If I had left school and entered just this part-time job, I would have been deemed by the Scottish government to have arrived at a “positive destination”, because I would have been classed as employed.

According to the latest statistics, more than 90 per cent of school leavers are now in positive destinations, including further education, higher education, employment or training, or after signing up to “activity agreements”.

But when I’m feeling the pressure of juggling my career with my domestic life, I cast my mind back to that kilt-hire shop and the long hours that I spent in front of an ironing board staring at a wall, and I remind myself that it could be much worse.

To be stuck in a job like that - where you rarely feel a sense of achievement or satisfaction and where you work hard but are not well-rewarded - is a life sentence, not a positive destination. And there are, of course, far worse jobs out there.

The plight of Sports Direct employees was highlighted recently by both the BBC and the Guardian. The company says that it is addressing the problems raised in reports; employees in its warehouses were reportedly scared to phone in sick or leave early to pick up their children when they were ill, and they were closely monitored and regularly searched.

Working conditions like those reported hardly seem desirable, but, under the current system, such a job would be counted as a positive destination.

The ‘fraud’ of positive destinations

To be classed as employed, school leavers don’t have to work a minimum number of hours - they don’t even have to be earning minimum wage - they just have to report that their job is their “main destination”.

Leading educational thinker Keir Bloomer calls the statistics “a fraud” and argues in this week’s TESS for more stringent criteria to be imposed.

Only worthwhile employment, not “dead-end jobs”, should count as a positive destination, he says. Secondary headteachers echo this demand, saying that they have been uncomfortable with the government’s definition of a positive destination.
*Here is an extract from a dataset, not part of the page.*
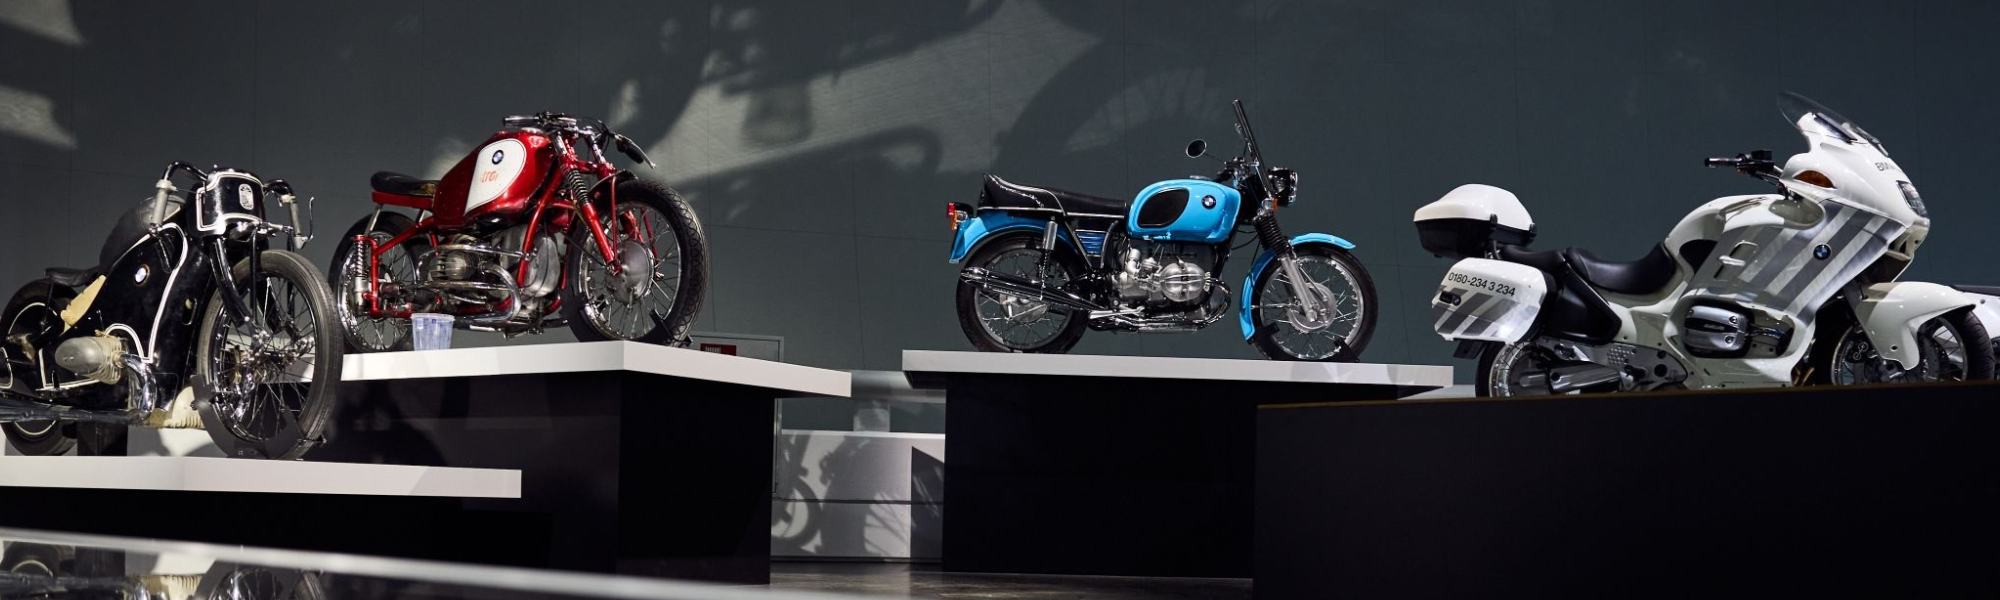 BMW Museum Exhibit Celebrates 100 Years of BMW Motorrad
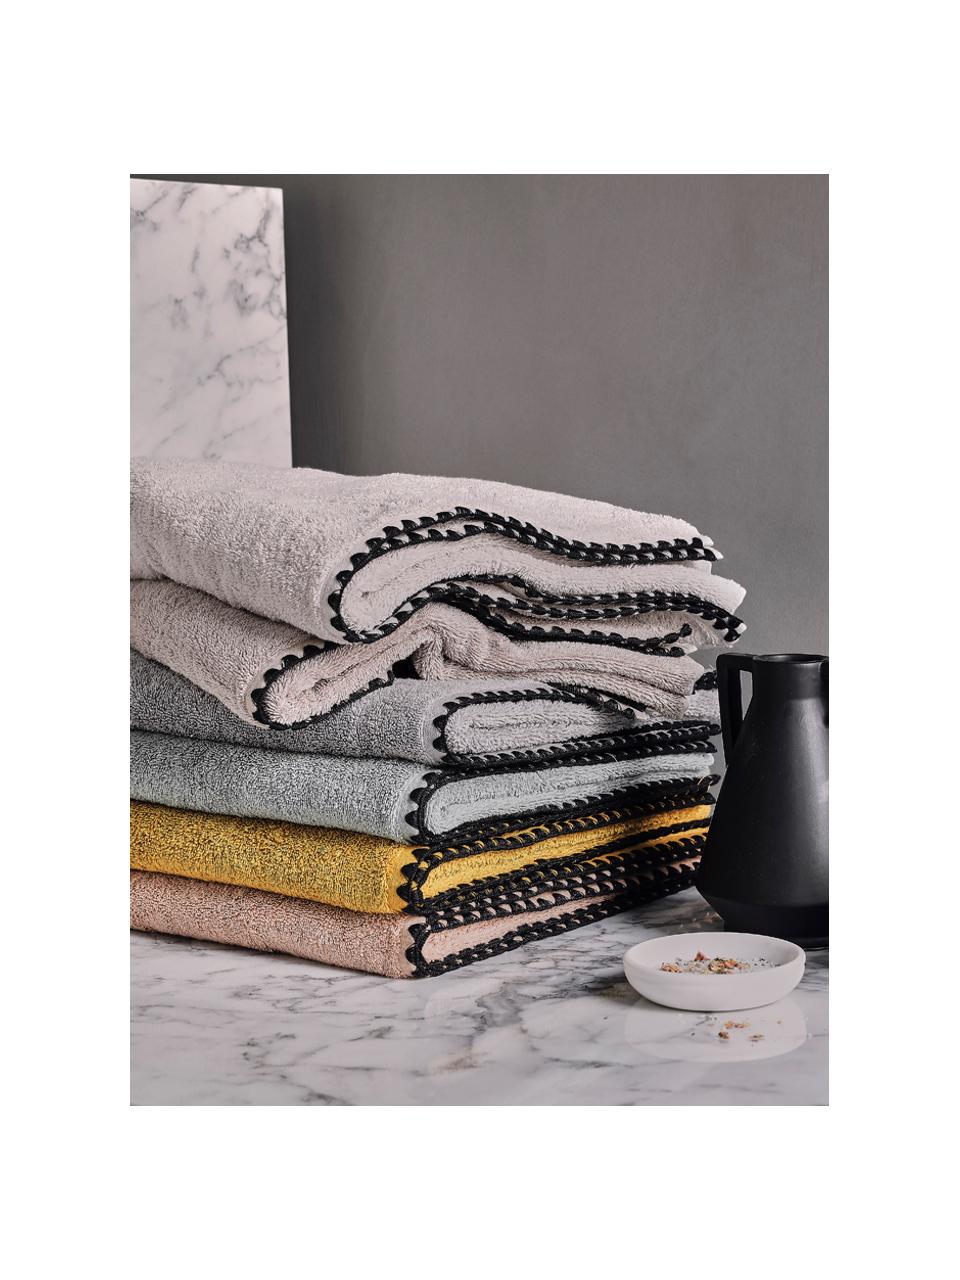 Handtuch Issey in verschiedenen Größen, mit bestickter Borte, Gebrochenes Weiß, Schwarz, Handtuch, B 50 x L 100 cm, 2 Stück

And while activity agreements have been praised and held up as a shining example of good practice when it comes to engaging those teenagers who are furthest from the labour market, they have also come under fire from experts.

Billionaire businessman Jim McColl calls this kind of positive destination “a cop out”, arguing that the agreements can be short-lived and undemanding, involving unchallenging things such as attending ready-for-work courses a couple of times a week.

Perhaps we have to accept that those who are signed up to these agreements, although possibly en route to a positive destination, are not there yet.

Ultimately, the Scottish government must better define what it means by a positive destination. At the moment, the stats may look good on the surface, but the impetus to do more for school leavers to propel them into more satisfying futures is not there.

No teenager should be left scraping away at eight yards of tartan with a nail brush and some Vanish without someone badgering them to do better for themselves.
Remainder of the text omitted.